For the first few years, he was just maturing. Then, just as he was supposedly ready to have a "breakthrough" season, he had his appendix removed by a cab driver. Now, just days after Jim Tracy delclared this as his "breakthrough" season, Adrian Beltre has been sidelined by an ankle injury. While he's expected to still be ready for opening day, a lingering injury will give Beltre the excuse he needs for another .260, 18 HR, 65 RBI season. Injury or not, maybe it's just time to accept the fact that Beltre is a .260/18/65 hitter. Yeah, he's no Jeff Hamilton. But he's no Albert Pujols either. He's somewhere in between, and will always be. People who keep looking for something more are just fooling themselves. If, by some freak of nature, Beltre proves us wrong, we'll acknowledge our mistake. But no one is breaking out the apology note cards just yet.

March 17, 2003
Dookie, a Rookie, and now Gookie

Some people can't get enough ice cream. Some people can't get enough TV. Some people can't get enough exercise. And some general managers just can't get enough weak-hitting middle infielders. Well, one general manager in particular. Dan Evans is at it again, this time claming infielder Gookie Dawkins off waviers from Cincinnati. Gookie—who's less ridiculous name is Travis—hit .125 in 48 at-bats with the Reds last season. At Double-A and Triple-A he didn't do much better, hitting .261. Yet, the Dodgers jumped at the chance to add yet another no-hit, all-wheels underachiever to their roster. Not to mention the fact that they now have an entire dugout of guys competing for the middle infield spots. Alex Cora, Cesar Izturis, and Joe Thurston (despite a poor spring) are locks. Then you've got Terry Shumpert. And Jason Romano. And Jolbert Cabrera. Seriously, you need another one? Initially there was the possibility that Dan Evans actually thought he was getting a cookie from the Reds, but that theory was shot to hell when Evans said, "Our scouts like the kid." If you ask Jim Tracy, it's no wonder why they like the kid. According to Tracy, "he can catch the ball." Hell, those guys only come around once in a lifetime. What the fuck were the Reds thinking?

March 14, 2003
A case of mistaken Mota

Despite reports that Mota had left the Port St. Lucie clubhouse Wednesday evening before Mike Piazza came searching for him, inside sources reveal that the Mets' catcher did indeed find Mota—just the wrong Mota. Moments after Guillermo Mota was rushed out of the clubhouse by Brian Jordan, Mike Piazza sped his BMW to the other side of the stadium and entered the supposedly secured clubhouse, shouting "Where's Mota? Where's Mota?" Hearing his name called, Dodger coach Manny Mota, who had been dropping anchor, walked out of the bathroom. "I'm Mota, here I am," said the 65-year-old former Dodger pinch-hitter. Still in a fit of rage, Piazza lunged at Manny, unconcerned that he was attacking the wrong Mota. After a few punches and kicks, Piazza hurried out of the clubhouse, and Manny lay dazed on the floor, spitting out teeth.

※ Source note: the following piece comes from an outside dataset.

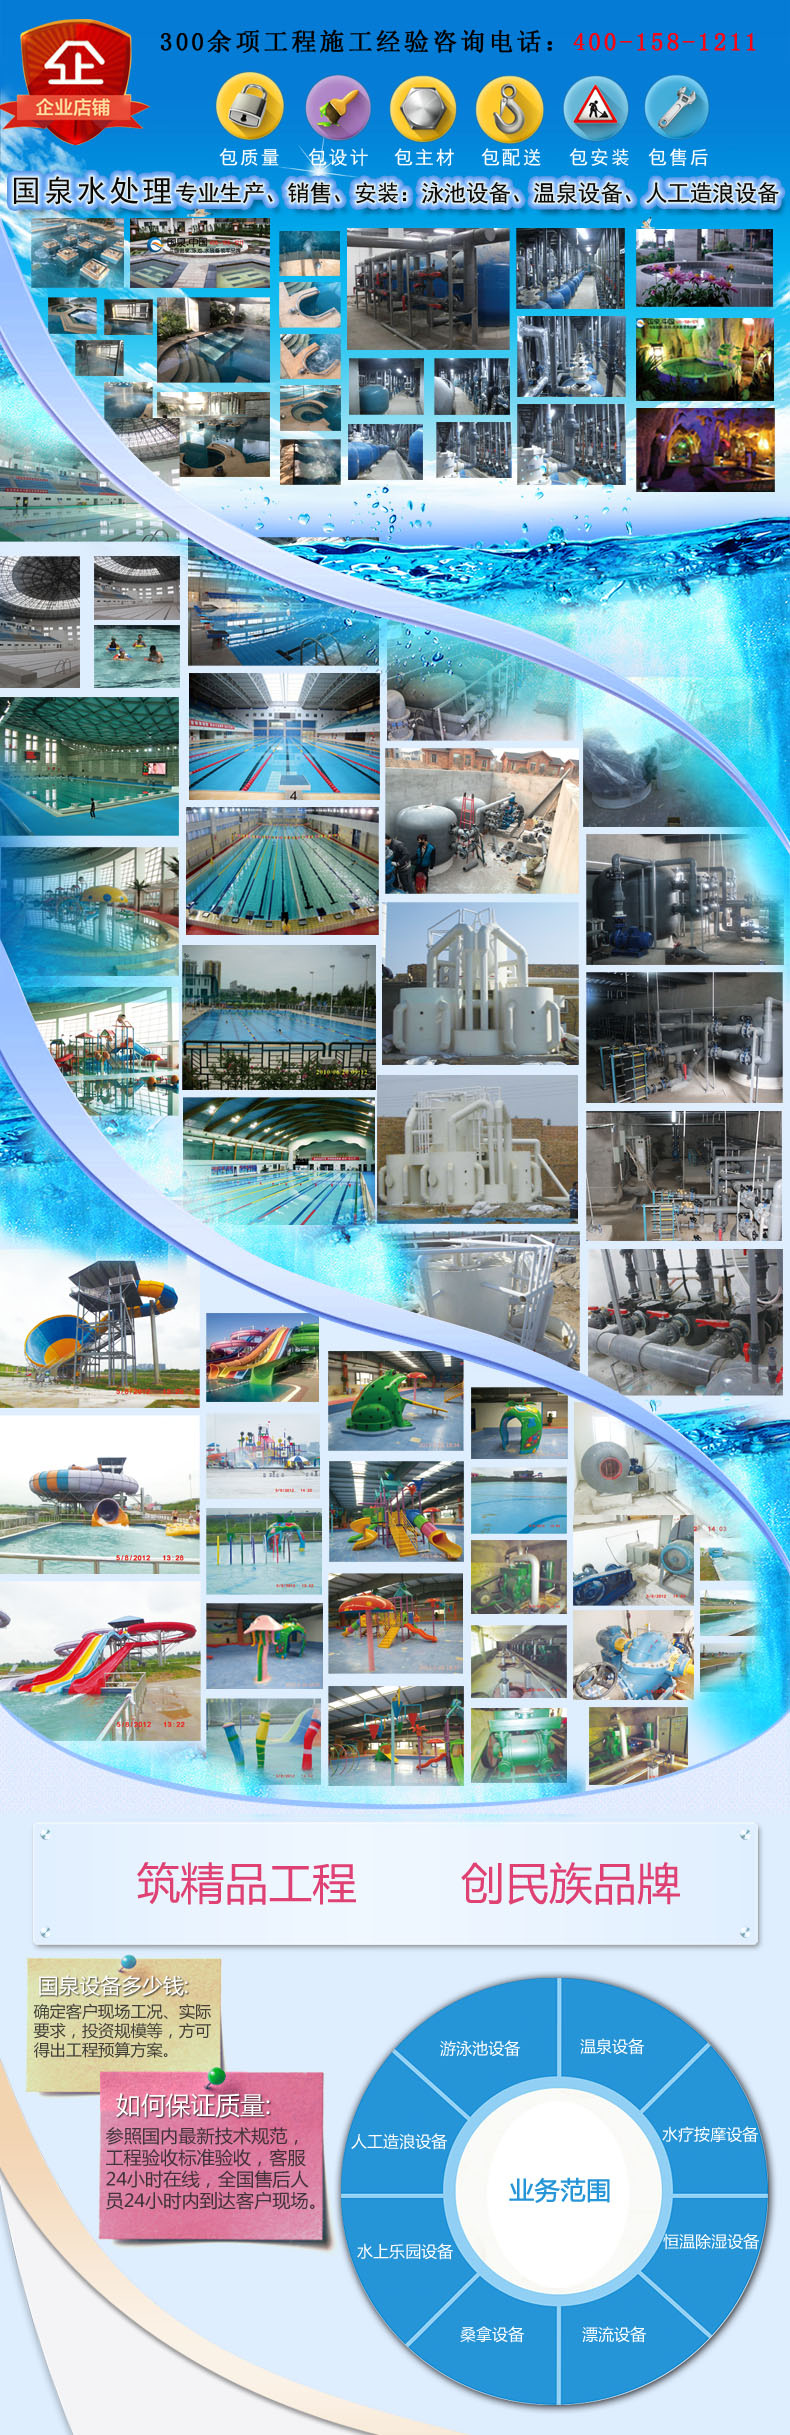 国泉水处理专业生产、销售、安装：泳池设备、温泉设备、人工造浪设备

As for Guillermo, his Dodger future is very much in doubt. He'll likely receive a long suspension (probably for backpeddling off the field) and has surely lost the respect of fans and many of his teammates. A former teammate of Mota's in Montreal, Scott Strickland, called the Dodger pitcher a "punk." The LA Times quoted Strickland as saying, "It's not like he has the best character. He got caught stealing in Montreal. He's not a model citizen, and he's not a model teammate."

Meanwhile, you've got Dodger players acknowledging that the beaning of Piazza was intentional, Dan Evans saying it wasn't, Jim Tracy saying all kinds of things, and Guillermo Mota proclaiming his innocence. As if the incident itself wasn't embarassing enough, now you've got people within the organization contradicting each other. Aah, finally, Dodger Baseball!

March 12, 2003
Looks like a catfish, acts like the cowardly lion

Figuring that spring training had been far too calm, Guillermo Mota decided to liven things up on Wednesday night. Rekindling a feud with Mike Piazza that dated back to last spring, Mota came inside to Piazza to start the bottom half of the sixth inning. Mota's next pitch nailed Piazza on the back, and Piazza wasted no time going after Mota. The cowardly Dodger pitcher threw his glove at Piazza and then took off running. As Piazza gave chase, Mota headed past first base, knowing that he was about to get his lanky ass kicked. A few Dodgers then intercepted Piazza, tackling him to the ground. In the midst of a violent rage and wanting blood, however, Piazza desperately struggled to break free. Meanwhile, as Jeromy Burnitz and other Mets chased, Mota swung his arms wildly (apparently attempting to fly away) and backpeddled into the Dodger dugout. He immdeiately changed his soiled shorts, and is currently on a plane back to the Dominican.

Mota was obviously seeking retribution for an incident that occured last spring. On March 28, 2002, Mota hit Piazza in the ass with a 3-0 pitch in the seventh inning. Piazza gave Mota an angry look and was replaced by a pinch runner. Piazza remained on the Mets bench rather than head to the clubhouse.When Mota passed the Mets bench on his way to the clubhouse in the middle of the eighth, Piazza confronted him, grabbed him by the shirt, and the two began shoving each other. More than anything, it looked like a dad scolding his kid—roughly. "If I need to protect myself, I'm going to do it," Piazza said after last year's confrontation. "I just felt the time had come to address the issue."

For Piazza's sake, it's a good thing Mota ran away on Wednesday night. Had Piazza gotten to Mota, he'd likely end up on trial for murder. Mota, who actually homered earlier in the game, has officially earned himself a spot in Dodger lore as the biggest vagina in the organization's history.

March 7, 2003
Gagne OK after crawfish attack

The Dodgers were worried after closer Eric Gagne experienced stiffness in his back earlier in the week. Gagne underwent an MRI on Thursday, and the results were negative. While some believe that Gagne experienced a back spasm, inside sources tell Dodger Blues that in actuality he was attacked by a crawfish that had been living in his goatee. While crawfish are aquatic crustaceans, Gagne's shelled creature apparently survived on sweat and food particles. At some point early in the week, however, the crawfish escaped the goatee in search of better living conditions. It was than that the crawfish stung Gagne on his back, causing the eventual stiffness. A simlilar incident happened in the late '80s when Alejandro Pena, out for a swim near Vero Beach, was stung on the nuts by a manta ray.